**EXERCISE DESCRIPTION:**
Copy each line of the data below exactly, leaving out pictures.

RECORDED INFORMATION START

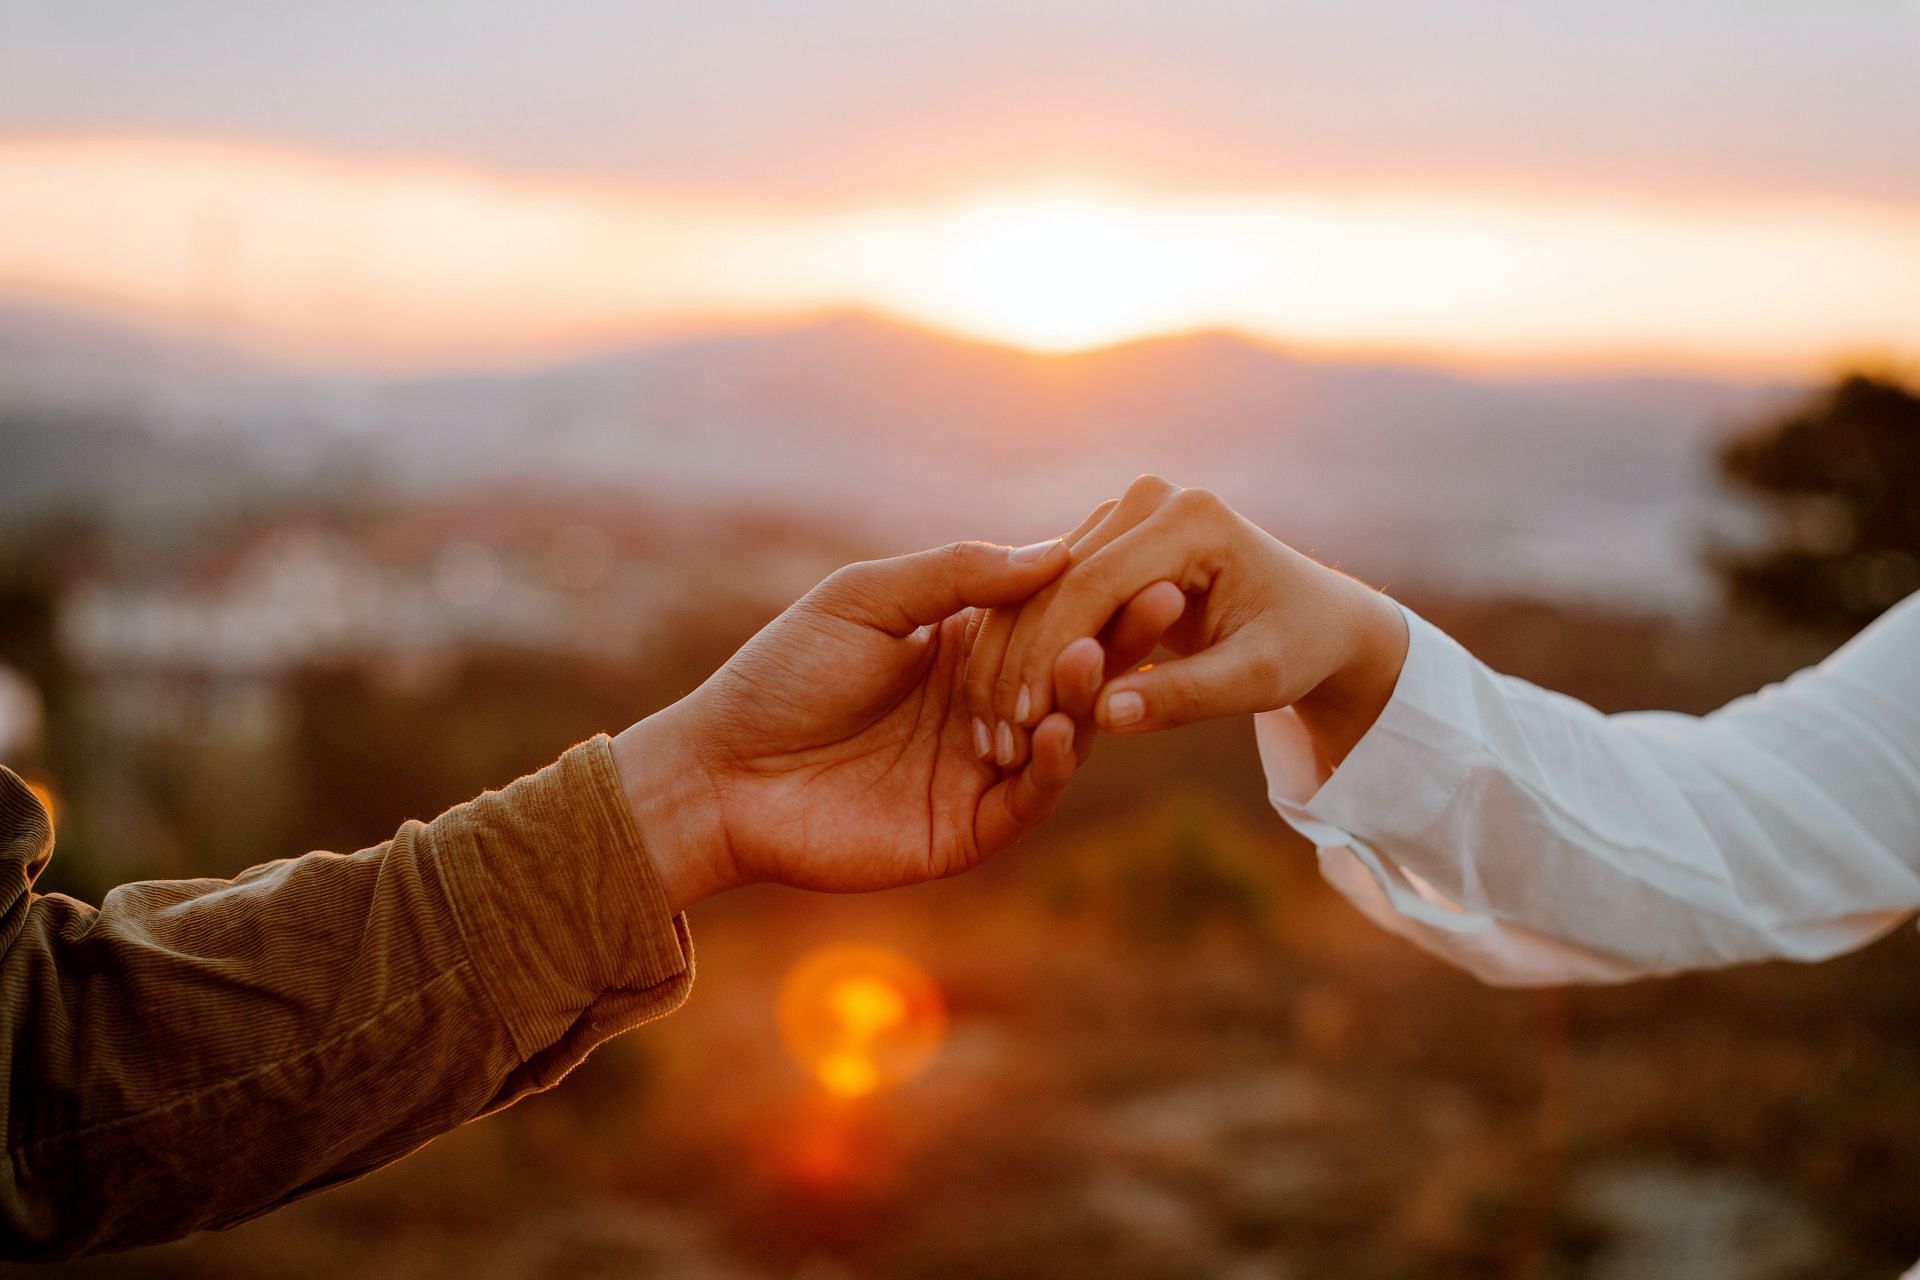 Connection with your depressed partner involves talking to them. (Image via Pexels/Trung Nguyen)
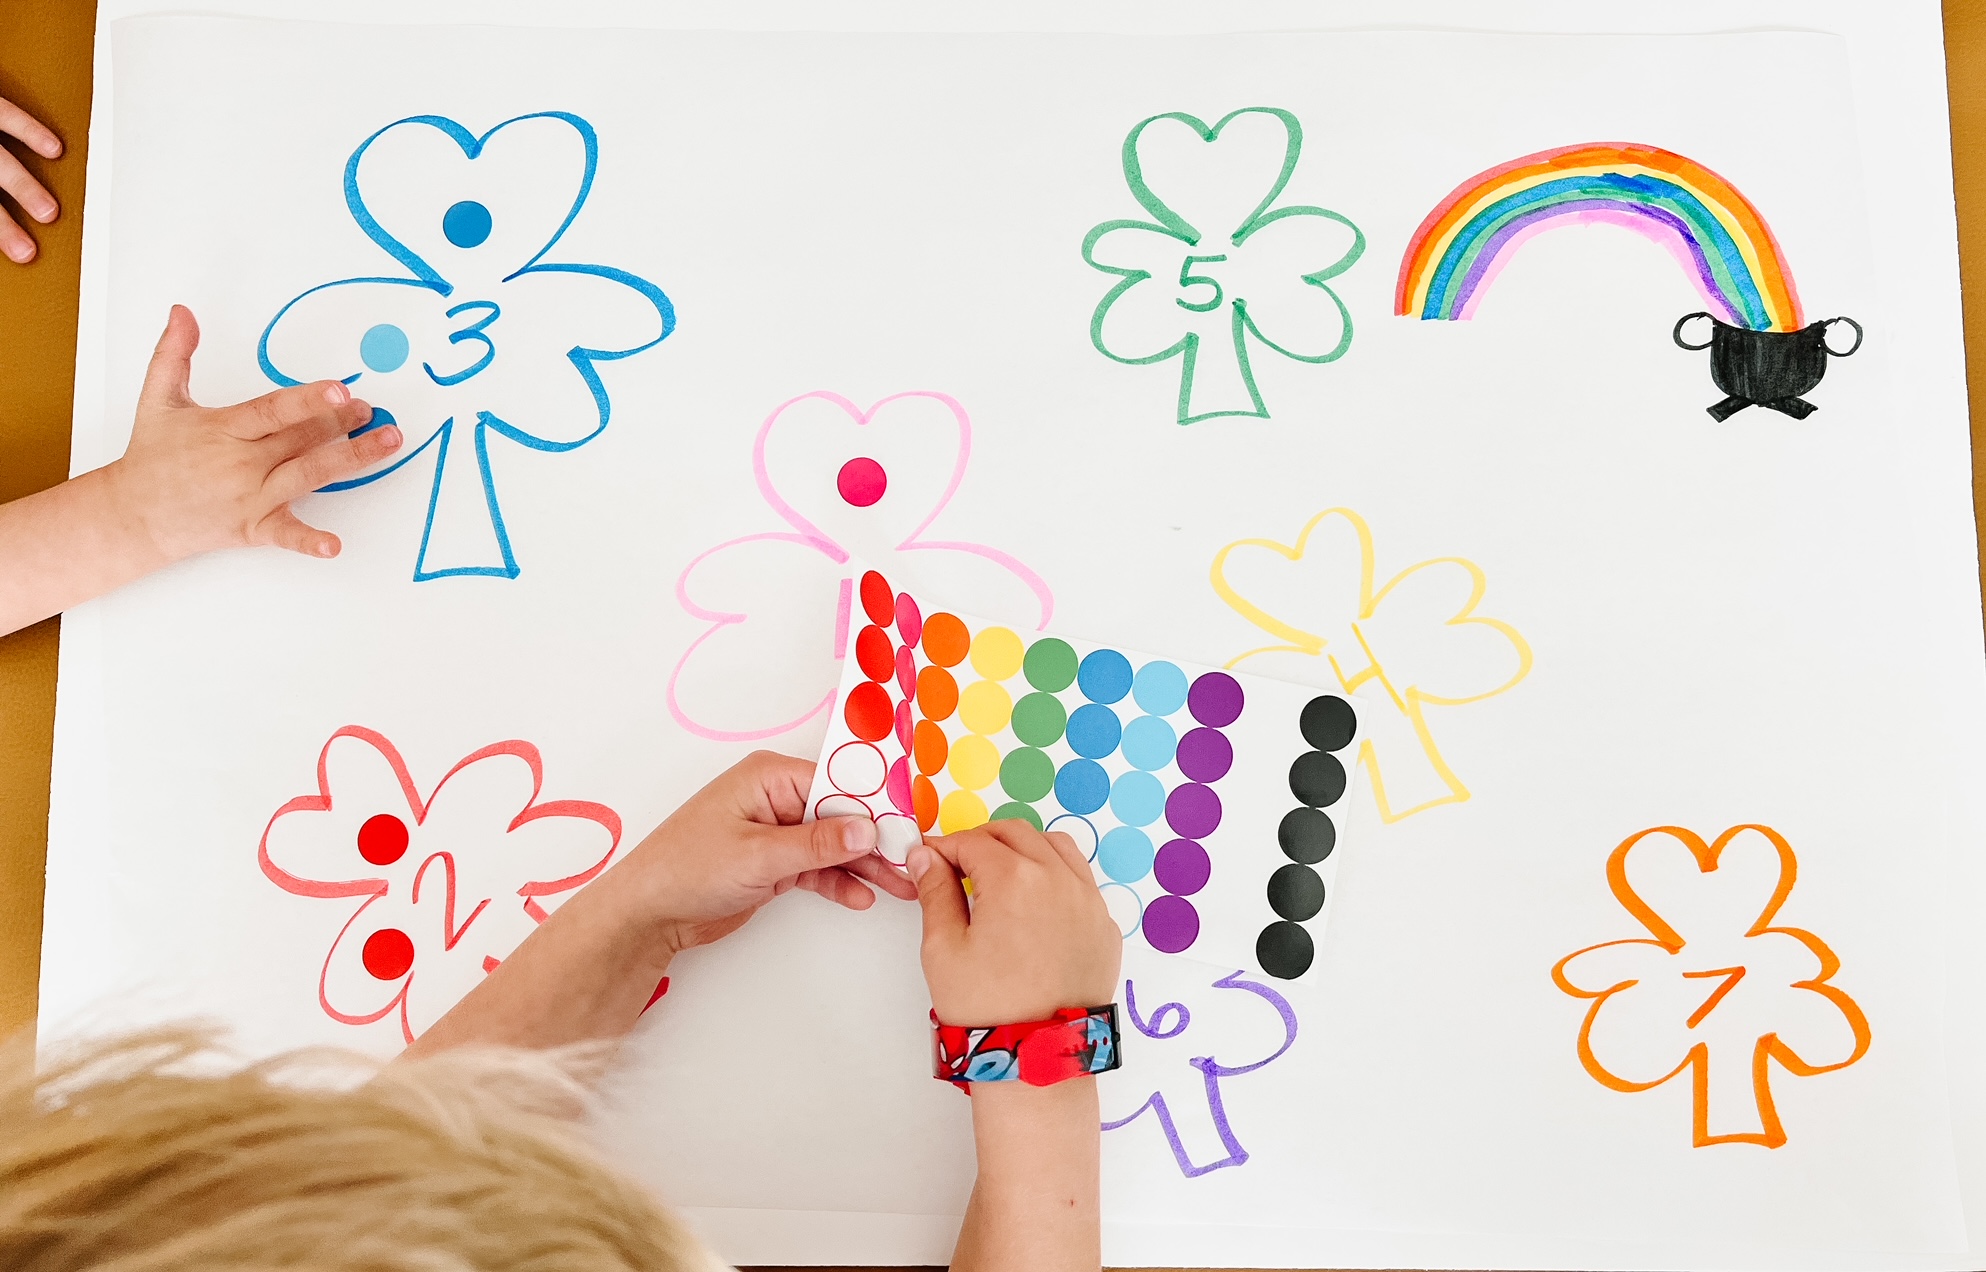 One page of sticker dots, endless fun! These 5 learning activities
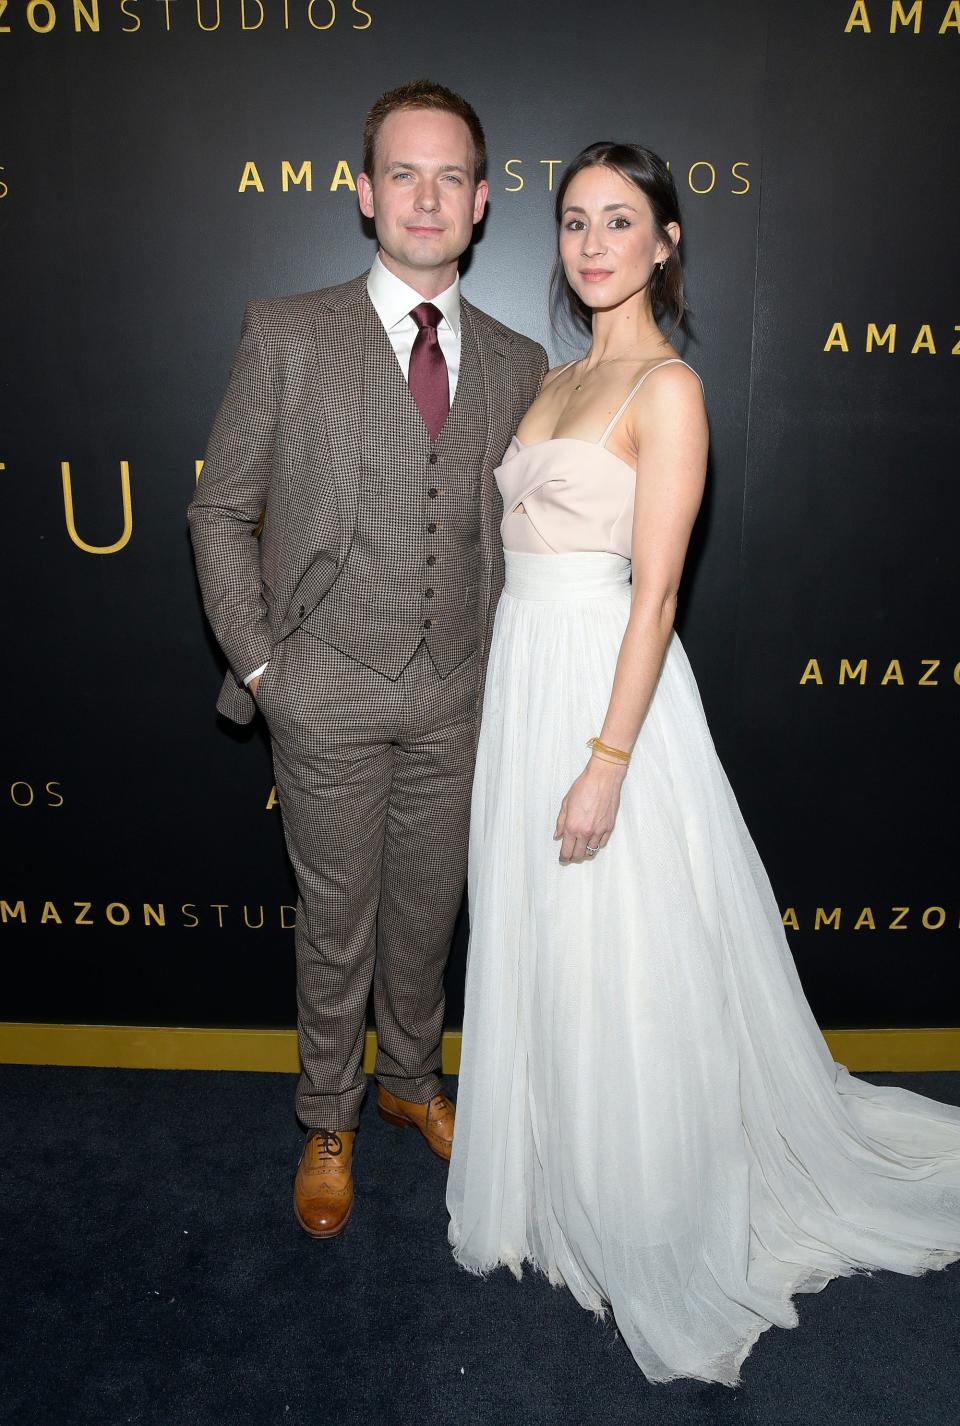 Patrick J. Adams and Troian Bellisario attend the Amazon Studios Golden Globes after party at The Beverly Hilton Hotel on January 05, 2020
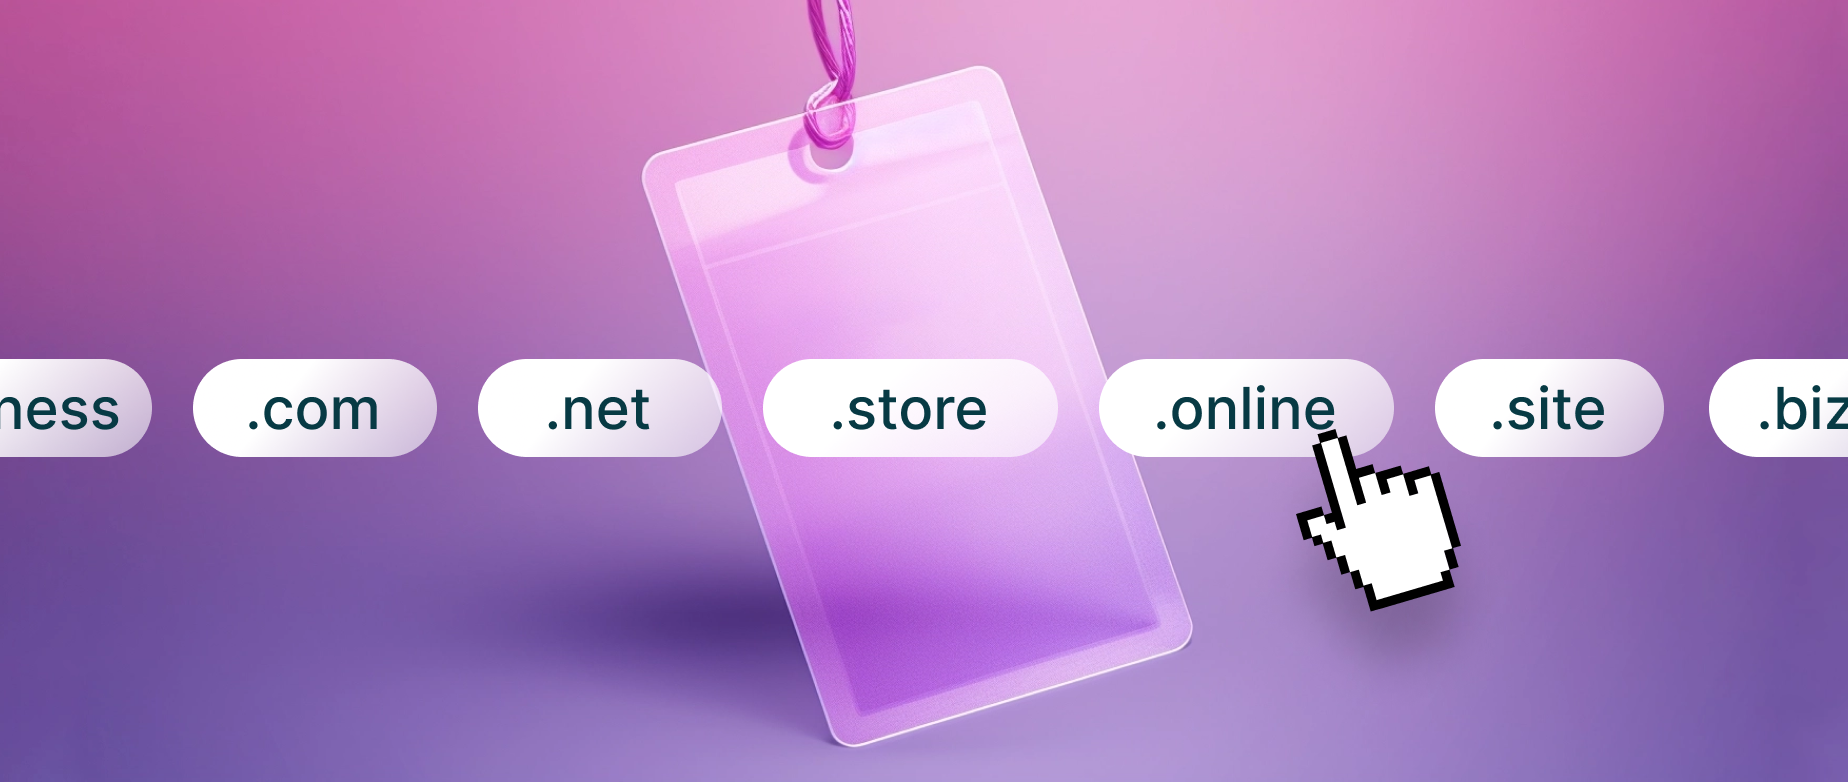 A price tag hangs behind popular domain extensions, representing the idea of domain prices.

RECORDED INFORMATION END

**ANSWER TO THE EXERCISE:**
 Connection with your depressed partner involves talking to them. (Image via Pexels/Trung Nguyen)
 One page of sticker dots, endless fun! These 5 learning activities
 Patrick J. Adams and Troian Bellisario attend the Amazon Studios Golden Globes after party at The Beverly Hilton Hotel on January 05, 2020
 A price tag hangs behind popular domain extensions, representing the idea of domain prices.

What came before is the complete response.